What is being asked →
The expected result is an exact copy of the lines from the one holding "and vegetables. A" to the last line of the material, with pictures removed and nothing added.

Supplied data →
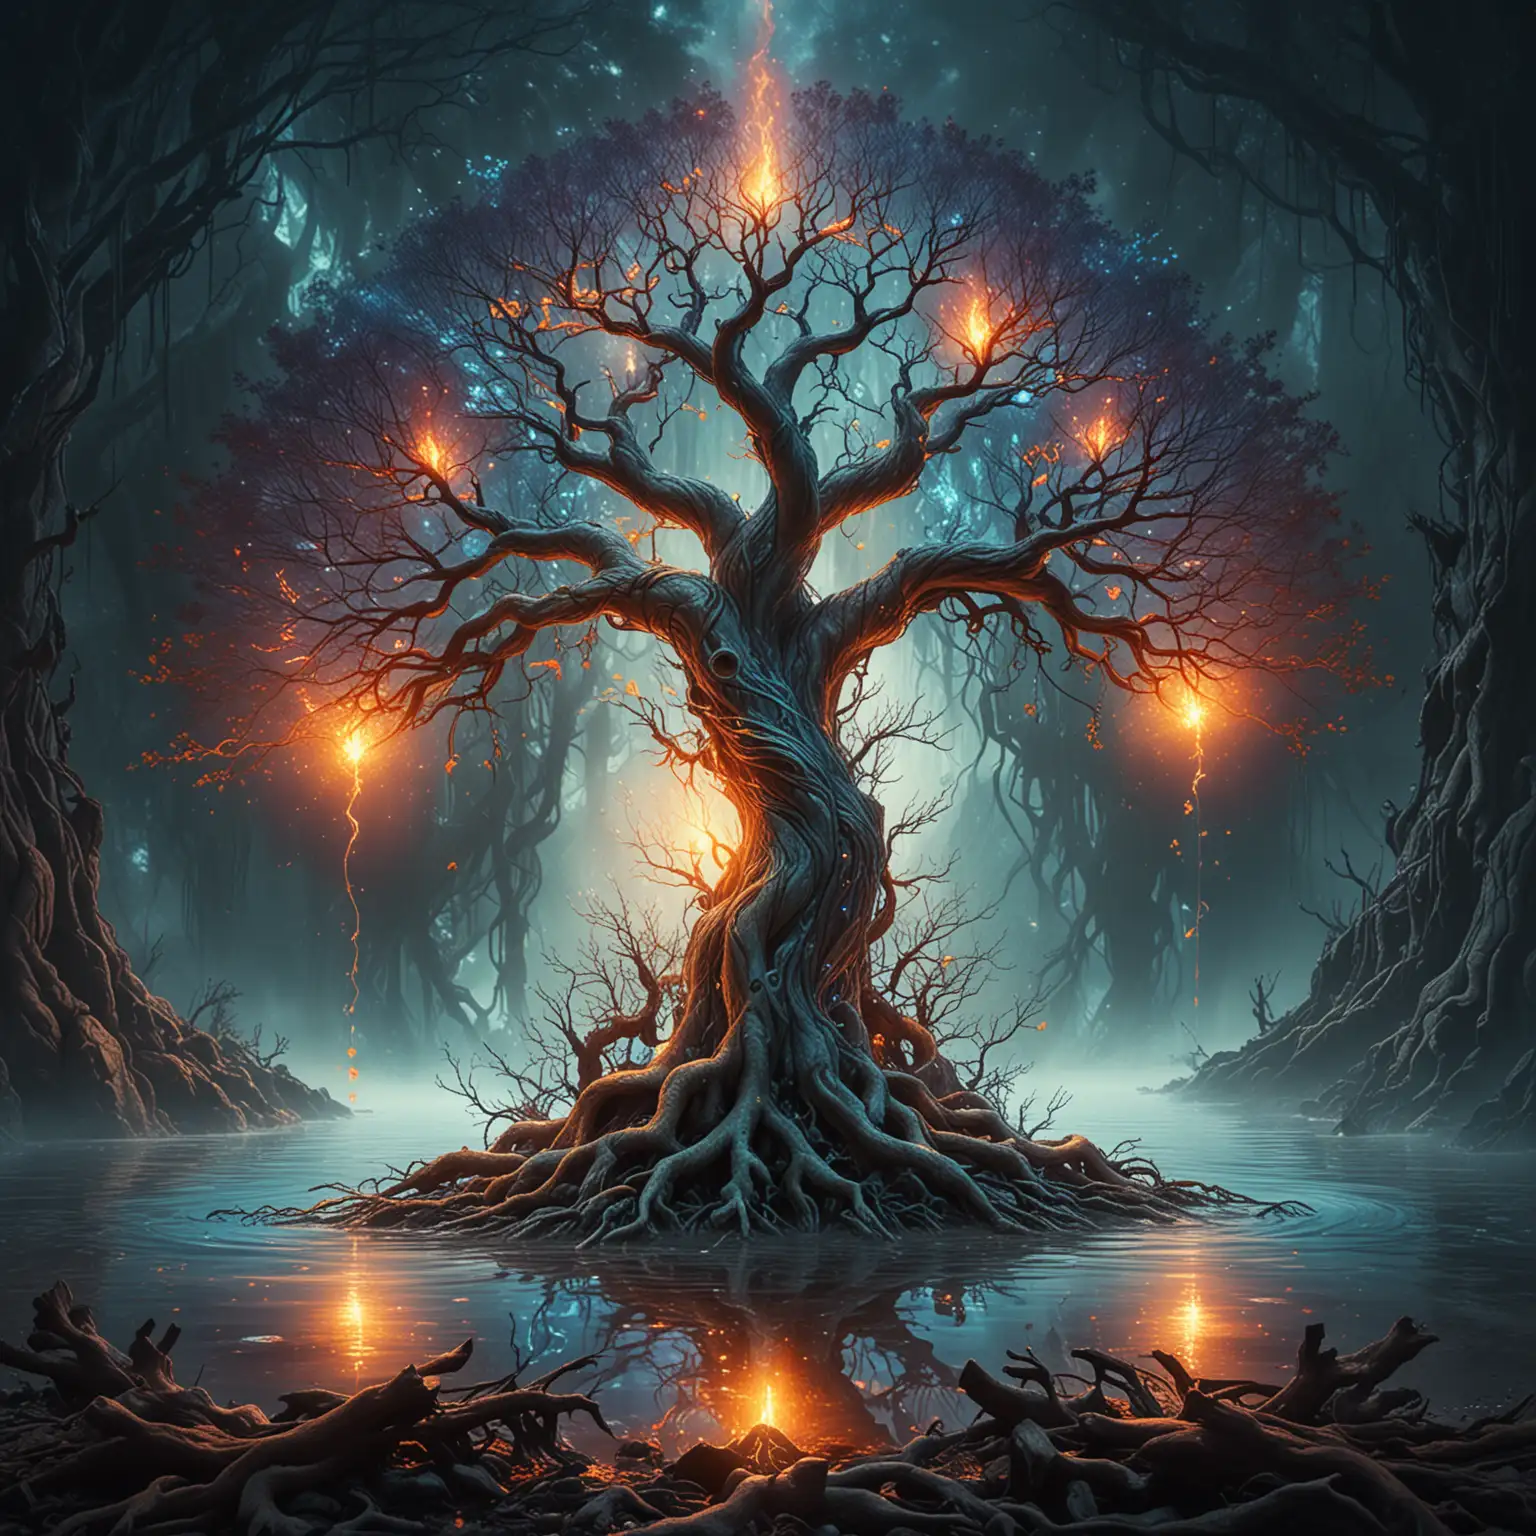 Elemental Fantasy World Tree with Fire and Water Roots and Alternate Realities in Branches
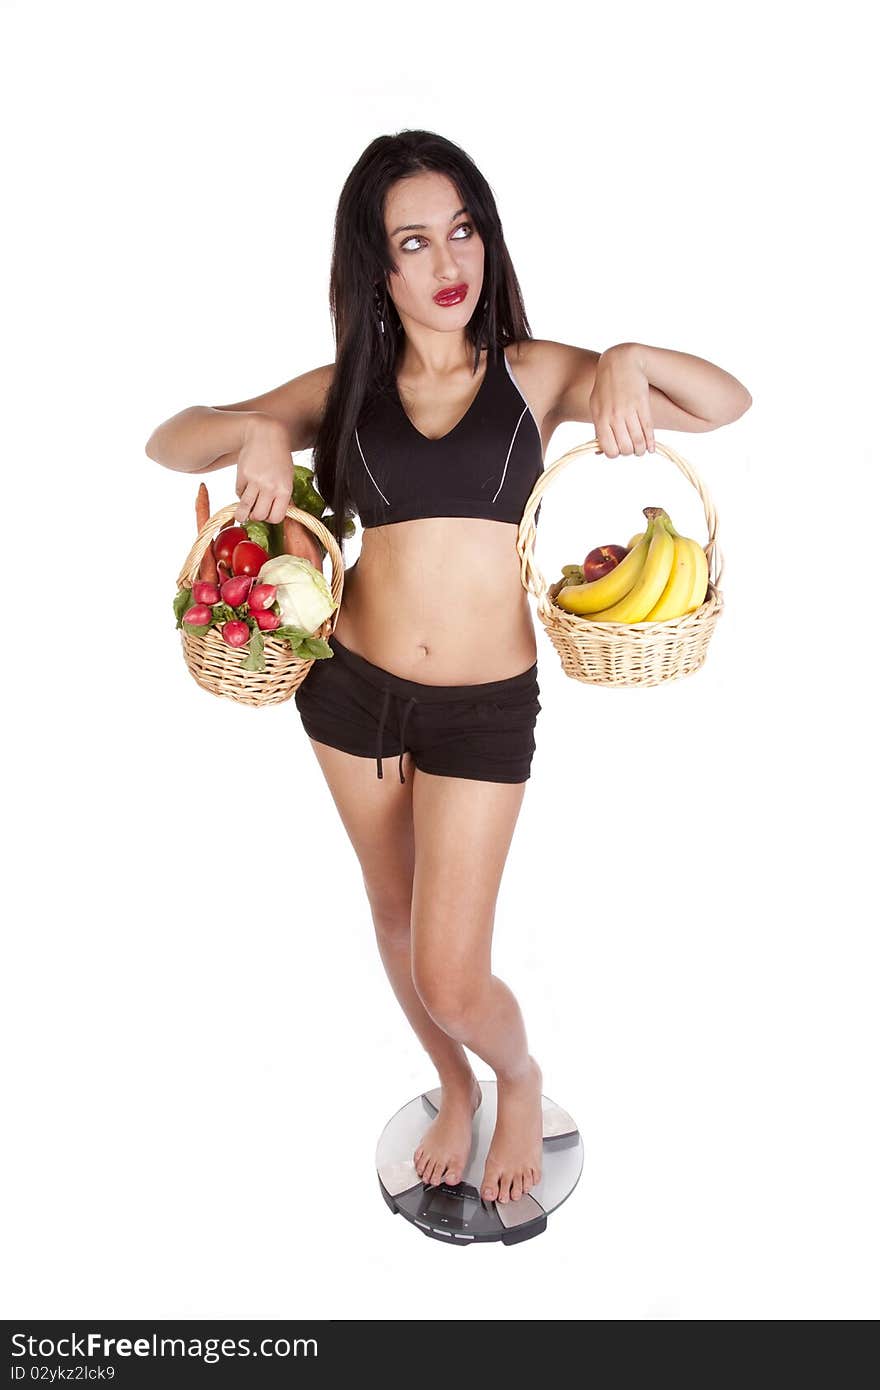 A woman is standing on the scales holding fruit and vegetables. A woman is standing on the scales holding fruit and vegetables.
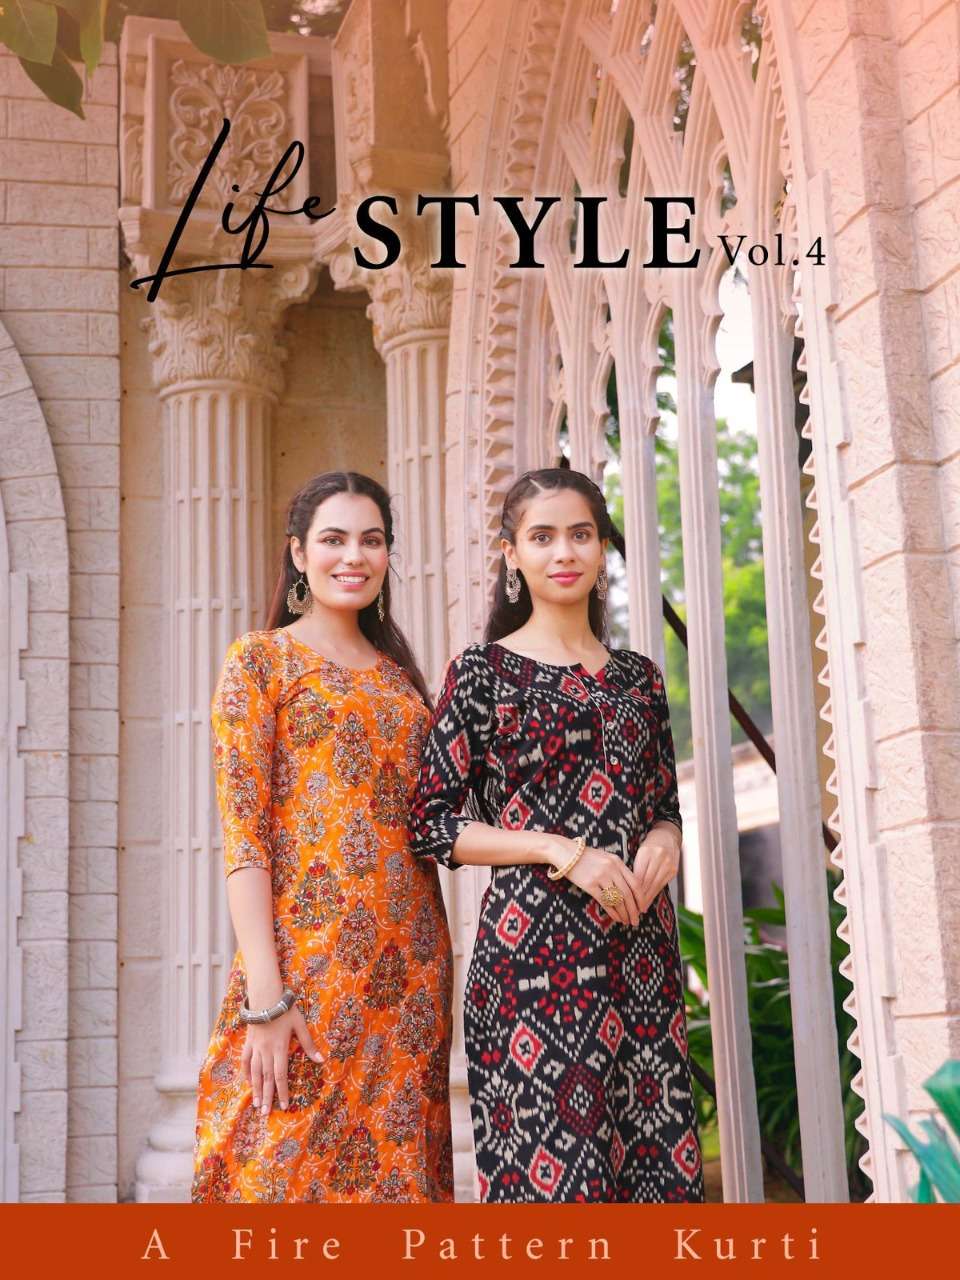  LIFESTYLE VOL 4 - CASUAL HEAVY RAYON KURTI BY PK WHOLESALER AND DEALER

Expected answer →
 A woman is standing on the scales holding fruit and vegetables. A woman is standing on the scales holding fruit and vegetables.
  LIFESTYLE VOL 4 - CASUAL HEAVY RAYON KURTI BY PK WHOLESALER AND DEALER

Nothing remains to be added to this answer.